1prazosin Antagonist selective 1 receptor antagonist: prazosin prazosin

It is a synthetic product and selectively antagonizes ₁ receptor.

[Pharmacokinetics] The oral bioavailability is about 50% -70%, and the blood drug concentration reaches the peak in 1-3 hours. Plasma protein binding rate is high, only about 5% exists in free form. Most drugs are metabolized in the liver, and only 5% -11% are excreted through the kidney in their original form. t1 _{/ 2 is} about 2-3 hours, and the drug action time lasts 4-6 hours.

[Pharmacological effects] Blocking of the alpha ₁ receptors on arterioles and veins, dilate blood vessels, reduce peripheral resistance, and reduce blood circulation. It does not antagonize the ₂ receptor at the therapeutic dose, so it does not promote the release of NA. At the same time, it lowers blood pressure and has little effect on heart rate. In addition, it can relax the smooth muscle contraction of bladder neck, prostate sac and prostate urethra mediated by ₁ receptor, which can improve the difficulty of urination in benign prostatic hyperplasia. There are fewer ₁ receptors at the bottom of the bladder, so it has an effect on bladder contraction Smaller. Studies have shown that _1A receptors are mainly present in the prostate and may be the most important ₁ receptor subtype in controlling prostate smooth muscle.

[Clinical application] It is mainly used to treat patients with hypertension and benign prostatic hyperplasia, which can improve symptoms such as urethral obstruction and dysuria caused by benign prostatic hyperplasia. Because it can reduce the pre- and post-load of the heart, it can also be used to combat chronic heart dysfunction.

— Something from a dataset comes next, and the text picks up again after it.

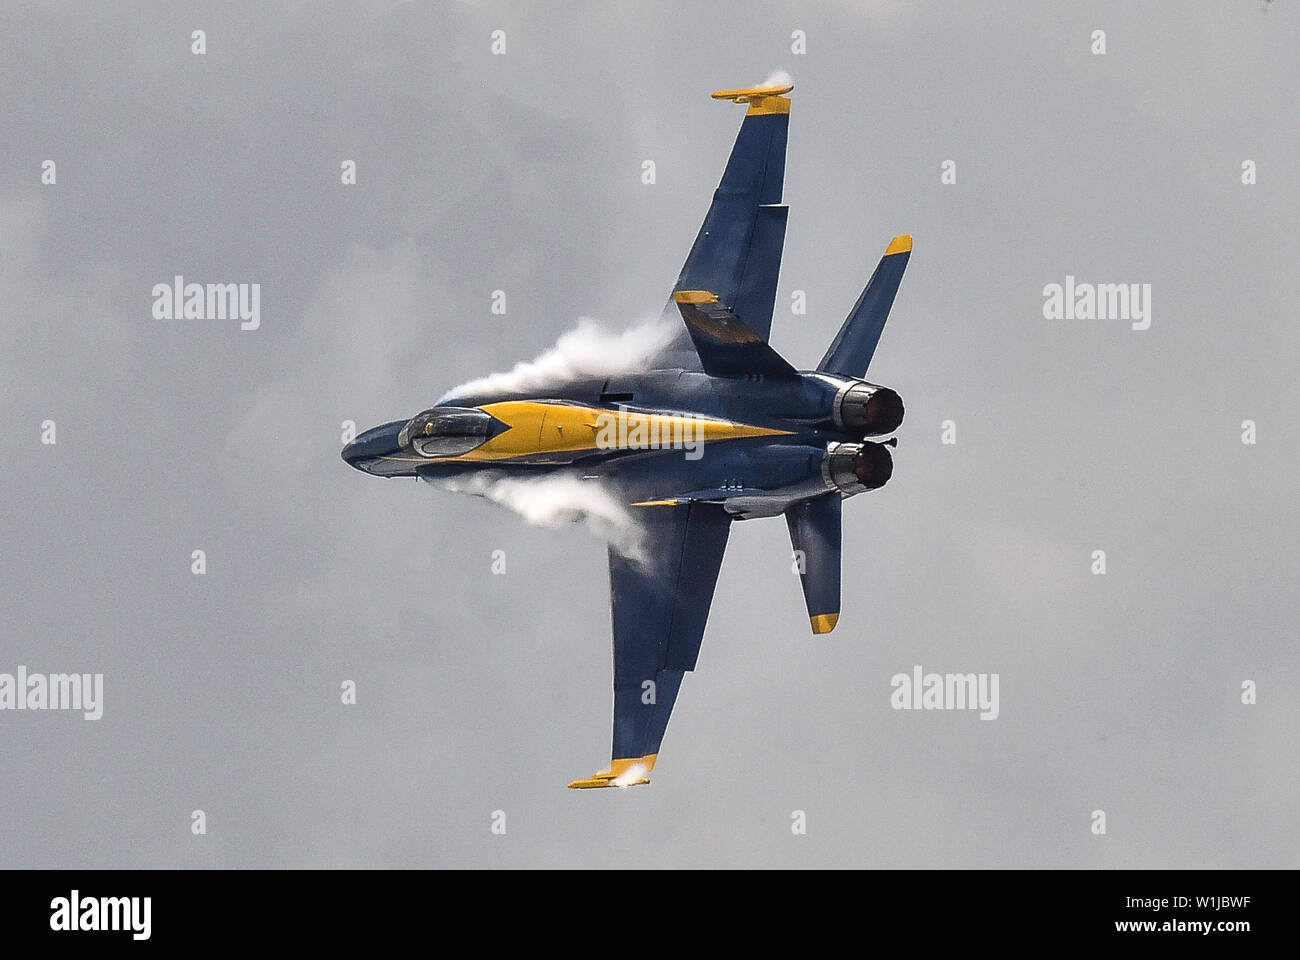 190629-N-UK306-1069 DAVENPORT, Iowa (June 29, 2019) Lt. Cmdr. Brandon Hempler, lead solo pilot assigned to the U.S. Navy Flight Demonstration Squadron, the Blue Angels, performs the minimum-radius turn maneuver during a demonstration at the Quad City Air Show at the Davenport Municipal Airport in Davenport, Iowa. The team is scheduled to conduct 61 flight demonstrations at 32 locations across the country to showcase the pride and professionalism of the U.S. Navy and Marine Corps to the American and Canadian public in 2019. (U.S. Navy photo by Mass Communication Specialist 2nd Class Timothy Sch Stock Photo

[Adverse reaction] The first medication can cause severe hypotension, syncope, palpitations, etc., which is called the "first dose effect", and it usually occurs 30-90 minutes after the first medication. More caution is needed for patients with liver and kidney dysfunction and elderly patients. Combined with diuretics or other antihypertensive drugs, the antihypertensive effect of this drug can be exacerbated. Other adverse reactions are dizziness, drowsiness, headache, fatigue, etc. The above symptoms can be reduced by reducing or continuing medication.

Antagonist Non-selective beta receptor antagonist: propranolol

Propranolol is a racemic product of the same amount of L- and D-isomers, and only L-isomers have an antagonistic effect on receptors. It has high fat solubility, more than 90% is absorbed orally, but the first pass elimination rate is 60% -70%, and the bioavailability is low, only about 30%. The amount of drugs reaching the systemic circulation varies widely, with blood drug concentrations up to 25 times. Propranolol easily crosses the blood-brain barrier. The plasma protein binding rate is high, about 93%. Mainly metabolized by the liver, the metabolite 4-hydroxypropranolol still has beta receptor antagonism. Plasma t _{1/2 is} about 2-5 hours. Clinical medication needs to start from a small dose and gradually increase to an appropriate dose. Propranolol has a strong antagonistic effect on receptors, but has low selectivity for ₁ and ₂ receptors. It has no intrinsic sympathetic activity and has membrane stabilization. It is mainly used in the treatment of arrhythmia, angina pectoris, hypertension, hyperthyroidism, etc. It can also treat anxiety, tremor, upper gastrointestinal bleeding caused by cirrhosis and prevent migraine.